The whole point of the JSON sidecar files is that they are where such "meta data" about the image files are stored. So pointing out that you get these values from the sidecar files and even giving the user some information about what sidecar file to look in and what named values to look for in the sidecar file is a real value to the users. Telling the user that the value set for the SEEchoSpacing parameter value comes from the sidecar file that corresponds to the SpinEchoFieldMap and not the sidecar file that corresponds to the actual T1w image, and that the required value is in the "EffectiveEchoSpacing" named value in said sidecar file seems to me to be a very helpful thing.

If the consensus is to leave the original PreFreeSurferPipelineBatch.sh alone and create a new PreFreeSurferPipelineBatch.sh that is specific to LifeSpan, then I'm fine with that. I assume based on comments so far that putting that LifeSpan specific version in a new sub-directory is preferred over giving it a different name in the same directory. Is that true?

As @coalsont points out this leads only to the issue of helping users answer the "which file should I copy?" question and removes the potentially more confusing issue of "These 2 blocks of code look very much the same, and I can't tell which one I should be changing."

Is the plan to create a separate example batch script for LifeSpan acceptable to everyone?

@coalsont
Copy link
Member

I can live with a separate example file for lifespan when there are a large number of parameters to change (and in the interest of time). I don't know if that generalizes to duplicating any other example scripts (and when there is more time to think about it).

As for building the command to run, yes, that is what I meant, but you can instead do a "case" in the middle of building the string to execute, and for TOPUP add one set of arguments, and for FIELDMAP a different set. This means users wouldn't potentially have to edit the code building the command to run, only the settings, and the command building is generic enough to adapt to any sane set of settings.

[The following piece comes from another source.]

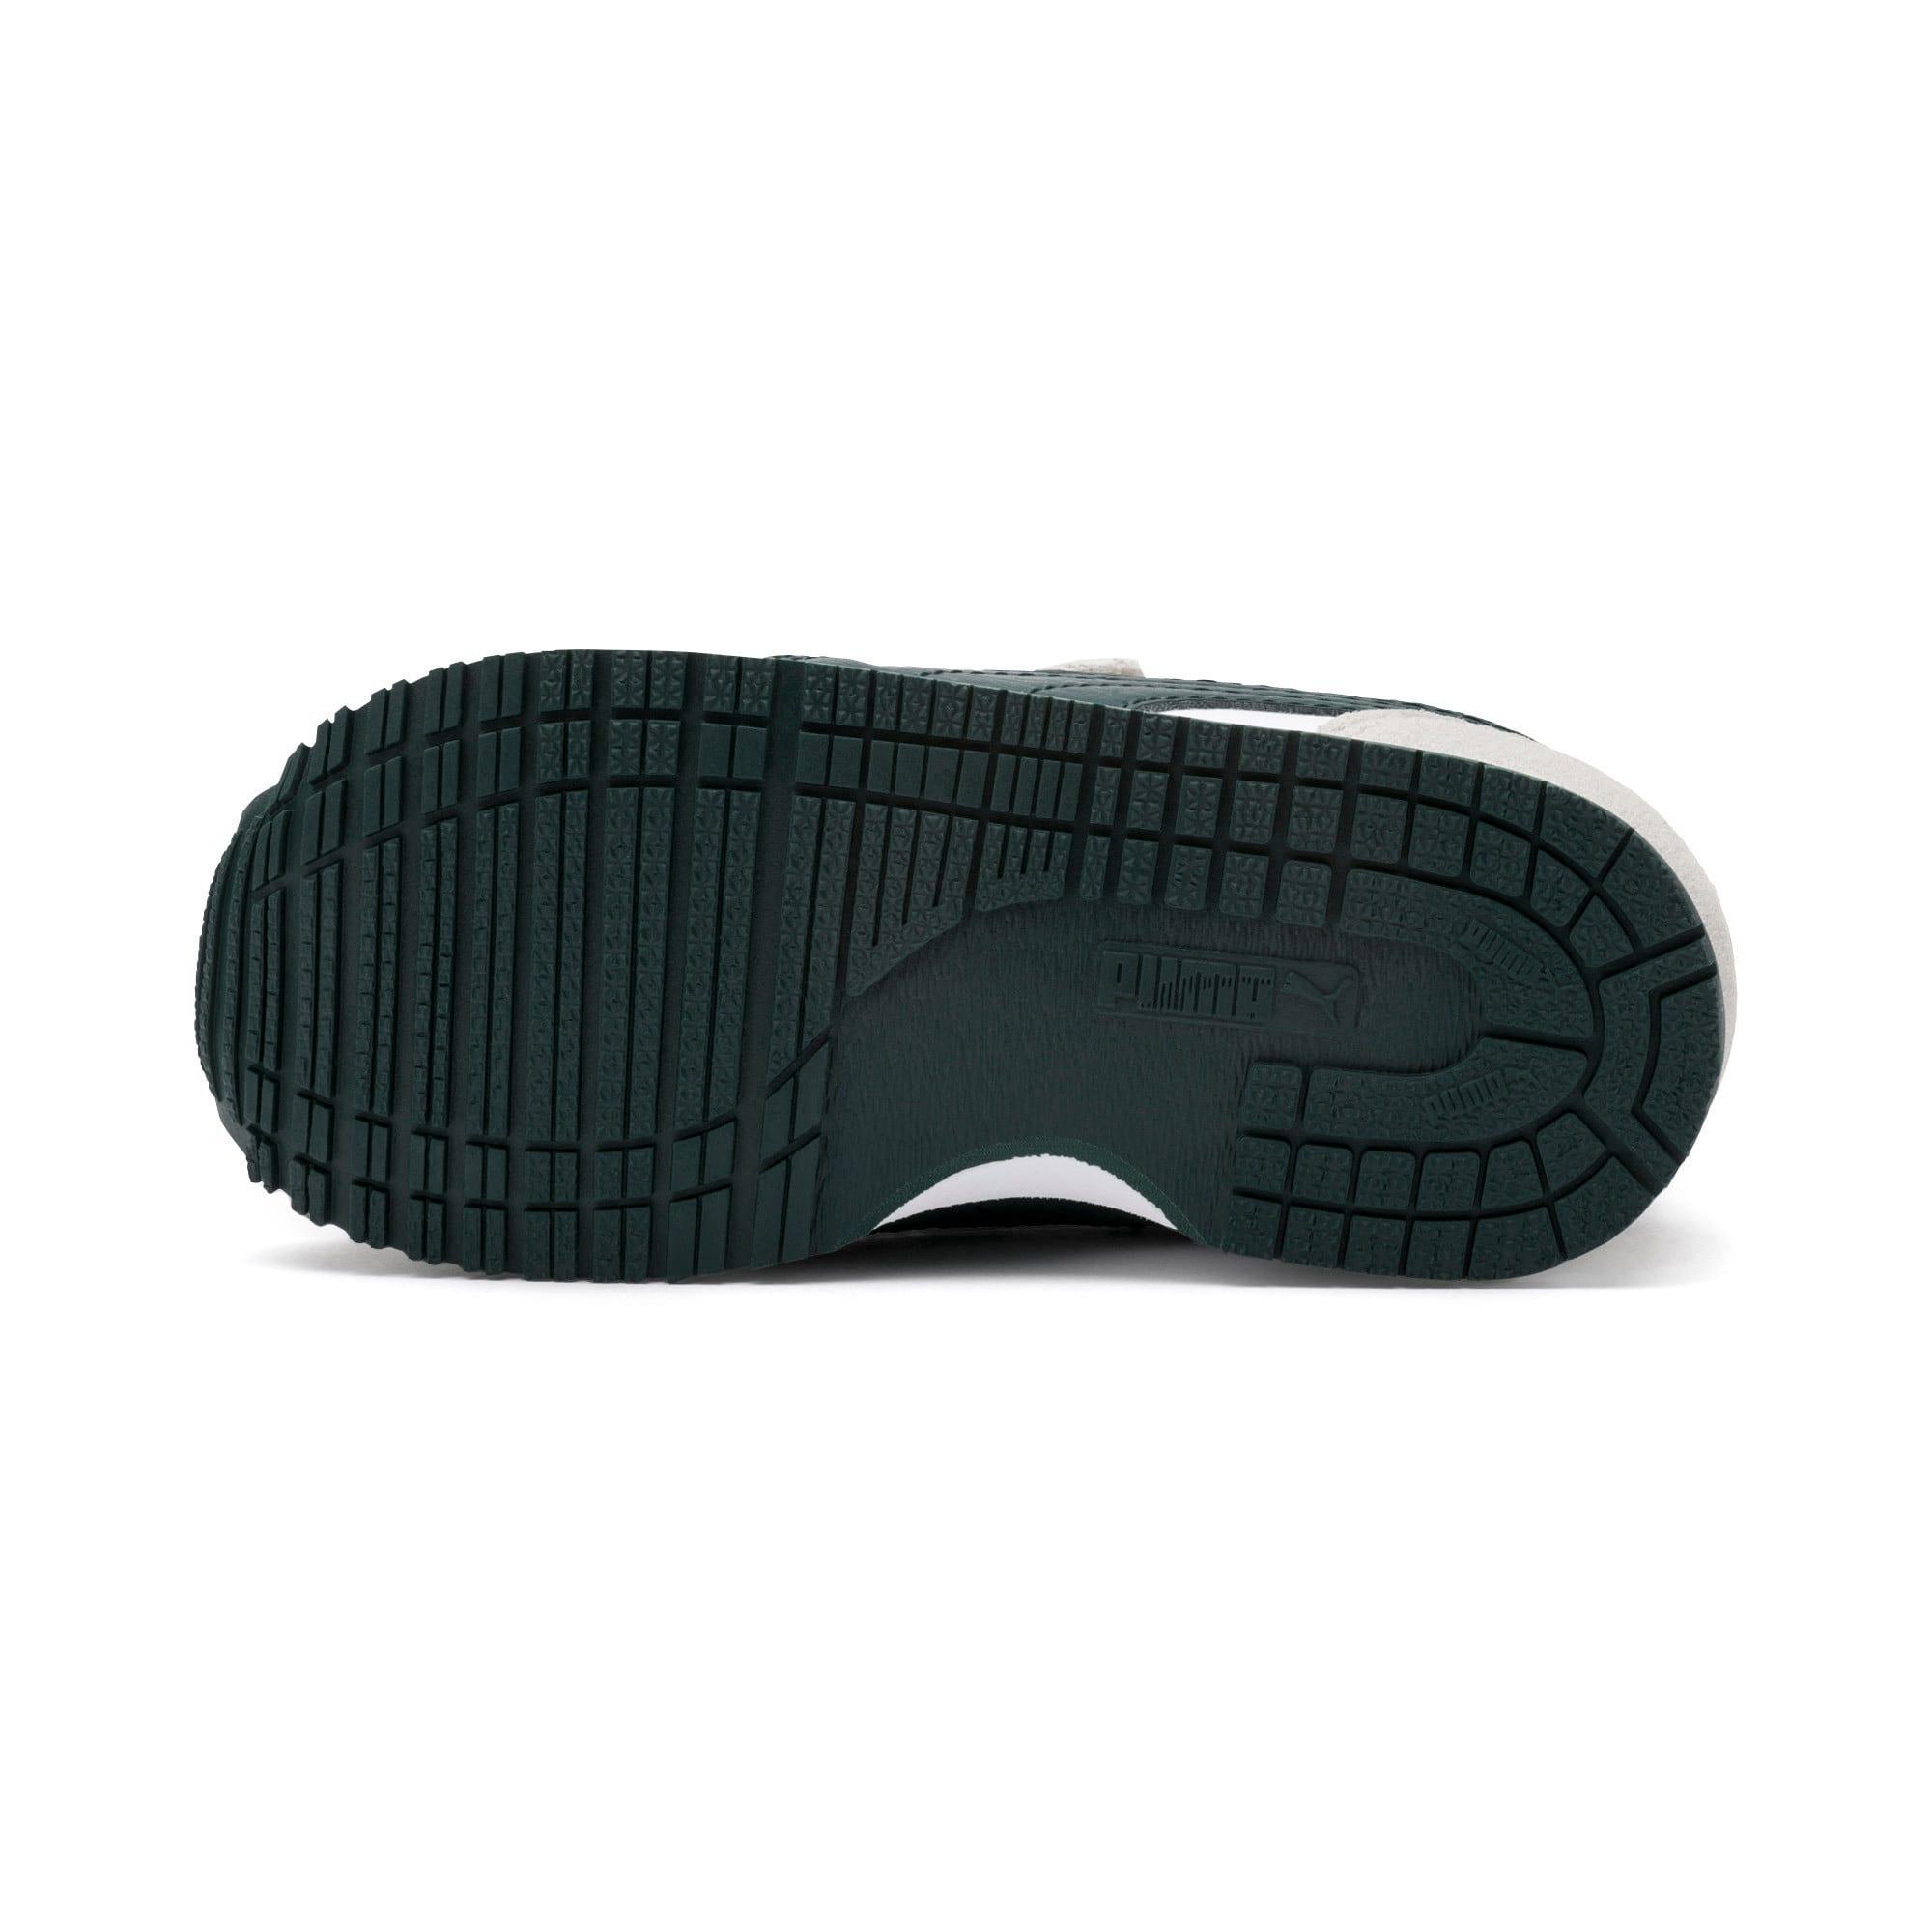 Thumbnail 3 of Cabana Racer SL AC Little Kids' Shoes, P.Wht-Gr.Violet-Ponder. Pine, medium

…LifeSpan/PreFreeSurferPipelineBatch.LifeSpan.sh
@coalsont
Copy link
Member

Also, I think it may be beneficial to reference JSON sidecars, especially if that is the definitive source of those values for some datasets. I don't follow why @mharms would want that removed.

At some point, some effort should probably be put into having both the YA numbers and the potential JSON sidecar source of each applicable setting in the comments documenting them (it seems like the two versions of the example script deserve to be identical except for the settings). But, this is probably a topic for some other time.

@tbbrown
Copy link
Contributor Author

tbbrown commented Jun 20, 2019

I've reverted the PreFreeSurferPipelineBatch.sh file back to exactly how it was before I started this and created an Examples/Scripts/LifeSpan/PreFreeSurferPipelineBatch.LifeSpan.sh file. The PreFreeSurferPipelineBatch.LifeSpan.sh file is simplified some since only one version of each of the possible command line options is supported. Of course there is now no need for conditional based on whether one is running LifeSpan or HCP-YA data. So there is now no need to add any conditional inclusion of parameters to the command that invokes the PreFreeSurferPipeline.sh script.

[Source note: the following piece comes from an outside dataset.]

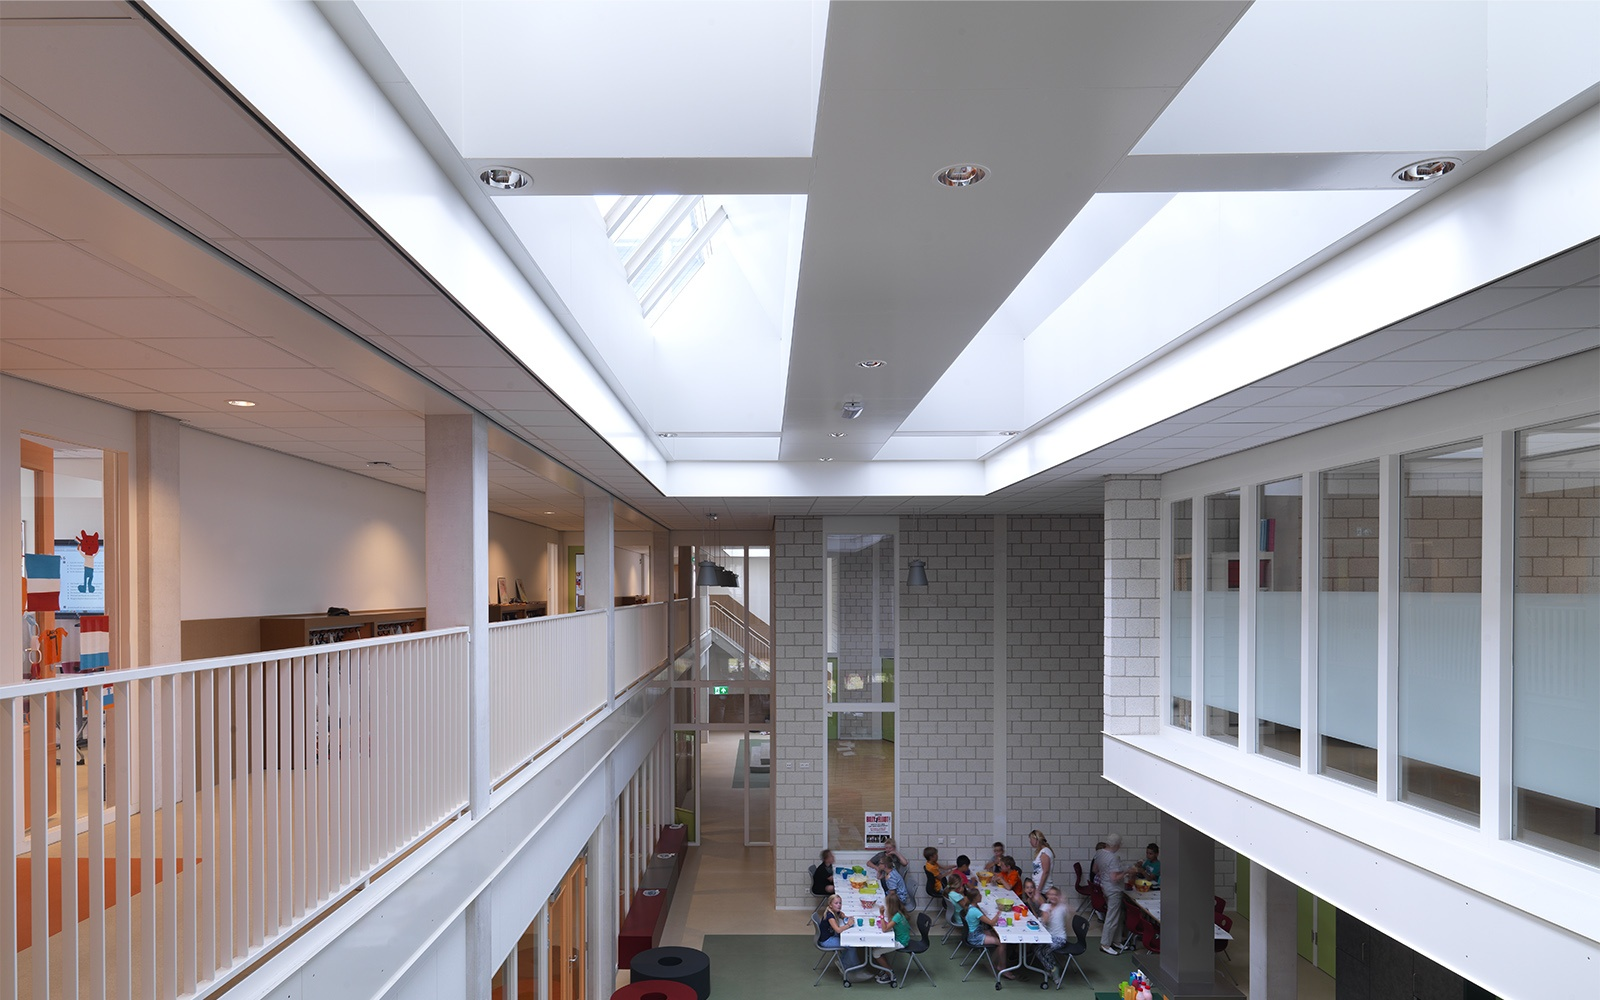 Ventilation architecture in school buildings

I am about to push this code over to the course machine so I can test it there in the context of the first practical session.

@coalsont
Copy link
Member

As for "--Session" and "--session", etc, I am not a fan of supporting mixed capitalization of option flags (I would go all lower case). Other than compatibility concerns, I think one spelling/capitalization of each different word choice of the option is probably the right balance (so "--subject" and "--session" are okay, but adding "--Session" or "--session-id" looks too silly to me). Make the user always use lowercase, and they will stop making that mistake soon enough - support capitals in some scripts, and they will keep trying capitals in others.

@tbbrown
Copy link
Contributor Author

tbbrown commented Jun 21, 2019

The change to just supporting the lowercase version (and only one version) of the command line options has been made in the PreFreeSurferPipelineBatch.LifeSpan.sh version of the file.

@glasserm
Copy link
Contributor

I make a new copy of the ".bat" or "batch" script for each study and change the variables to be appropriate for that study. These scripts are indeed only supposed to be examples for the users to copy and modify appropriately based on the documentation contained within them. It would be nice to read parameters out of a json side car for some of the more esoteric arguments as an alternative to having to look them up and specify them.

@mharms
Copy link
Contributor

mharms commented Jun 21, 2019

Regarding the jsons: I'm ok with us referring to them in some fashion, but we need to keep in mind that the generation of the sidecar json's (from dcm2niix) is not part of the HCPpipelines per se. So, while they are part of our specific Lifespan "unproc" packages, we can't refer to them in the comments as if their existence is a given. Someone converting their DICOMs to NIFTI via a different mechanism, or converting GE or Philips data (for which all the same json fields will not necessarily be available) may have no clue what we are talking about regarding "jsons" if they aren't explained in some manner. But rather than needing to include this explanation in every single example batch script going forward, I'd suggest that we create a README with the details.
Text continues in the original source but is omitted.